= Alexandros Makriyannis =

American researcher into cannabinoids

Alexandros Makriyannis (born September 9, 1939) is an American biochemist and professor of chemistry and chemical biology in the department of medicinal chemistry at Northeastern University in Boston, Massachusetts, where he directs the Center for Drug Discovery and holds the George Behrakis Chair of Pharmaceutical Biotechnology. His research has focused on the biochemical basis of the endocannabinoid system and on the development of synthetic cannabinoids.

==Scientific career==
Makriyannis studied chemistry at the University of Cairo. He then earned his Ph.D. in medicinal chemistry at the University of Kansas and went on to research synthetic organic chemistry at the University of California, Berkeley. He worked at Smith, Kline & French Laboratories and Tufts Medical School and then at the University of Connecticut, where he was later appointed Distinguished Professor of Medicinal Chemistry and Professor of Molecular and Cell Biology and Pharmacology. He moved to Northeastern University in 2005.

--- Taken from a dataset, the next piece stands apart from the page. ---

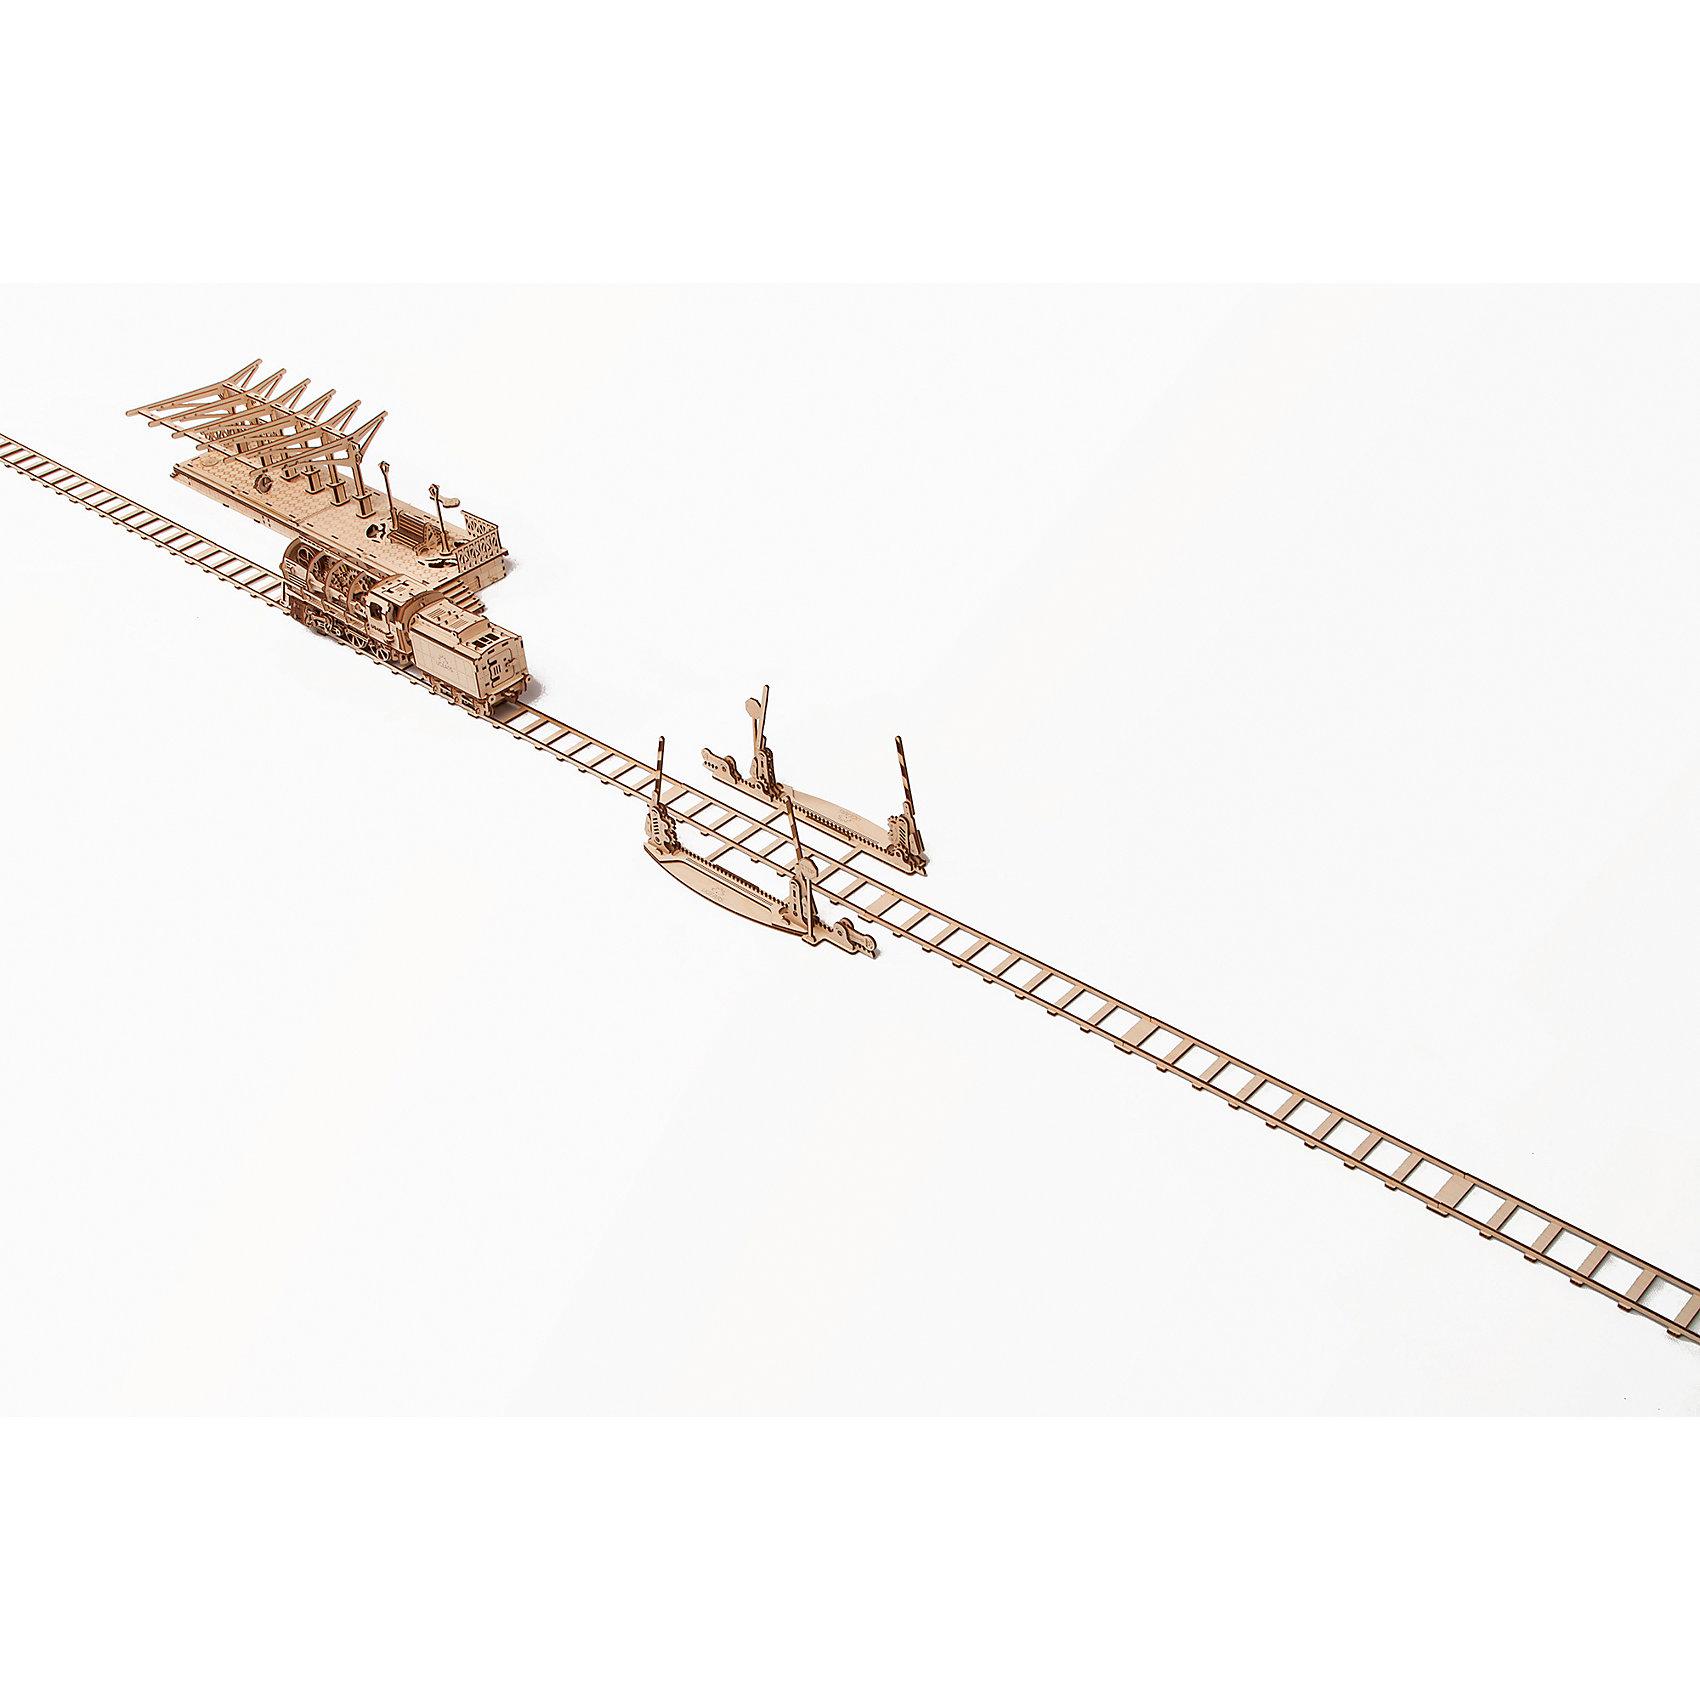 Переезд, UGEARSДеревянные конструкторы<br>Там, где есть железная дорога, есть и железнодорожный переезд. Вы получите 4 метра железной дороги в комплекте с переездом и работающими шлагбаумами, которые поднимаются и опускаются нажатием рычага.<br>Модель для самостоятельной сборки без клея.<br><br>Размер модели: 4070*120*225 мм<br>Размер упаковки: 37*14*3см<br>Количество деталей: 200<br>Расчетное время сборки: 2-3 часа<br><br>Ширина мм: 375<br>Глубина мм: 170<br>Высота мм: 30<br>Вес г: 682<br>Возраст от месяцев: 168<br>Возраст до месяцев: 192<br>Пол: Унисекс<br>Возраст: Детский<br>SKU: 5226408

Makriyannis is director of the Center for Drug Discovery at Northeastern University, which he founded in 2005. His work has identified the structure of cannabinoid receptors in the brain, helping to elucidate the psychoactive properties of some of these substances and to point towards modifications in the receptors so as to retain the positive effects of cannabinoids while eliminating the negative ones. These studies have informed the development by Makriyannis and his collaborators of synthetic compounds with a view to their use as cannabinergic probes or as medications in drug addiction and in obesity and metabolic disorders. A more recent research interest has been the study of drug interactions with protein targets in membranes. His research has been reported in over 470 publications and his group has filed more than 40 patents.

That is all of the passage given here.